H.Proration of Purchase Rights. Should the total number of shares of Common Stock to be purchased pursuant to outstanding purchase rights on any particular date exceed the number of shares then available for issuance under the Plan, the Plan Administrator shall make a pro-rata allocation of the available shares on a uniform and nondiscriminatory basis, and the payroll deductions of each Participant, to the extent in excess of the aggregate purchase price payable for the Common Stock pro-rated to such individual, shall be refunded. Any fractional share resulting from such pro rata allocation to any Participant shall be disregarded.
I.Assignability. During the Participant’s lifetime, the purchase right shall be exercisable only by the Participant and shall not be assignable or transferable by the Participant.

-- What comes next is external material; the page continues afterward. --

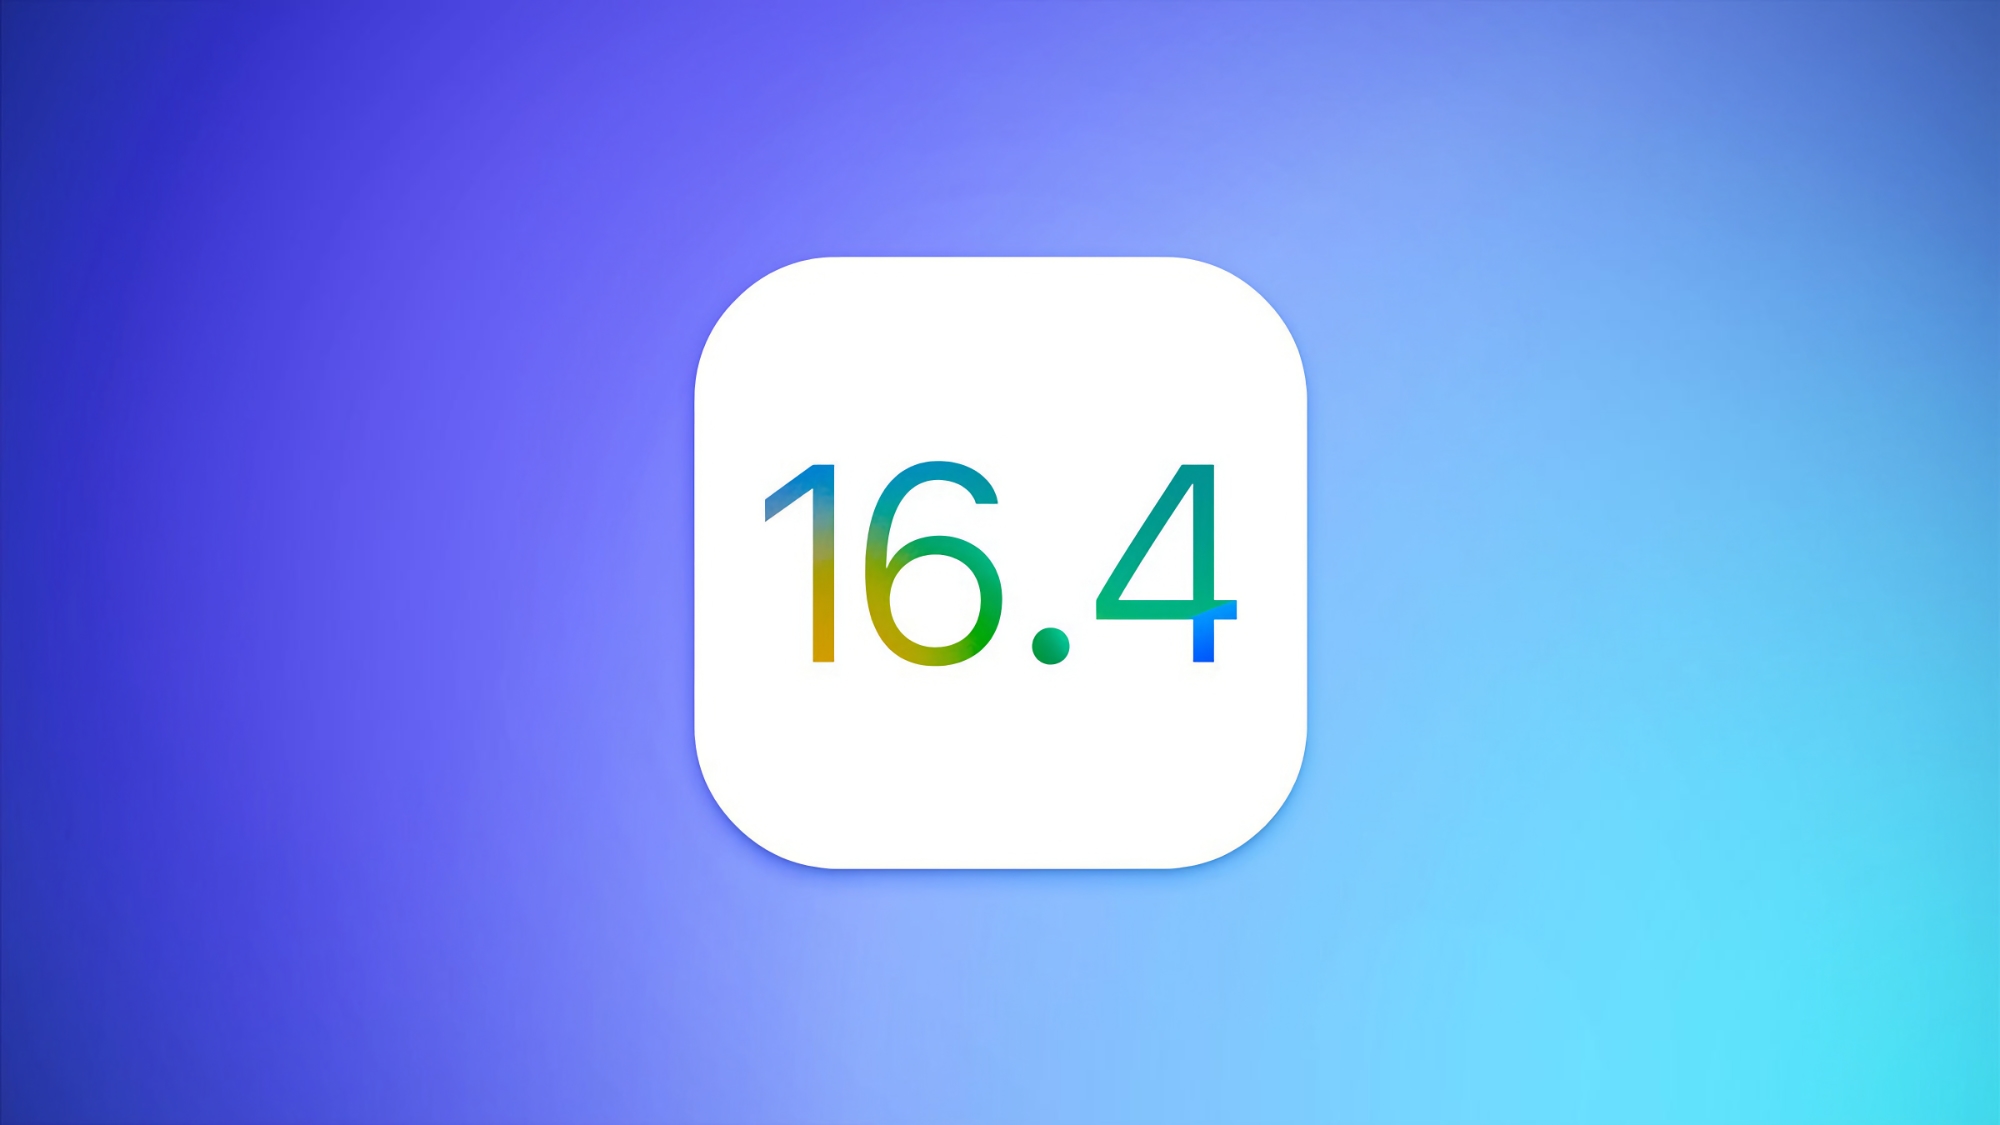 Apple releases fourth beta version of iOS 16.4 and iPadOS 16.4

J.Stockholder Rights. A Participant shall have no stockholder rights with respect to the shares subject to his or her outstanding purchase right until the shares are purchased on the Participant’s behalf in accordance with the provisions of the Plan and the Participant has become a holder of record of the purchased shares.
VIII.ACCRUAL LIMITATIONS
A.No Participant shall be entitled to accrue rights to acquire Common Stock pursuant to any purchase right outstanding under this Plan if and to the extent such accrual, when aggregated with (i) rights to purchase Common Stock accrued under any other purchase right granted under this Plan and (ii) similar rights accrued under other employee stock purchase plans (within the meaning of Code Section 423) of the Corporation or any Corporate Affiliate, would otherwise permit such Participant to purchase more than Twenty-Five Thousand Dollars ($25,000) worth of stock of the Corporation or any Corporate Affiliate (determined on the basis of the Fair Market Value of such stock on the date or dates such rights are granted) for each calendar year such rights are at any time outstanding.
B.For purposes of applying such accrual limitations, the following provisions shall be in effect:
(i)The right to acquire Common Stock under each purchase right shall accrue on the Purchase Date in effect for the purchase period for which such right is granted.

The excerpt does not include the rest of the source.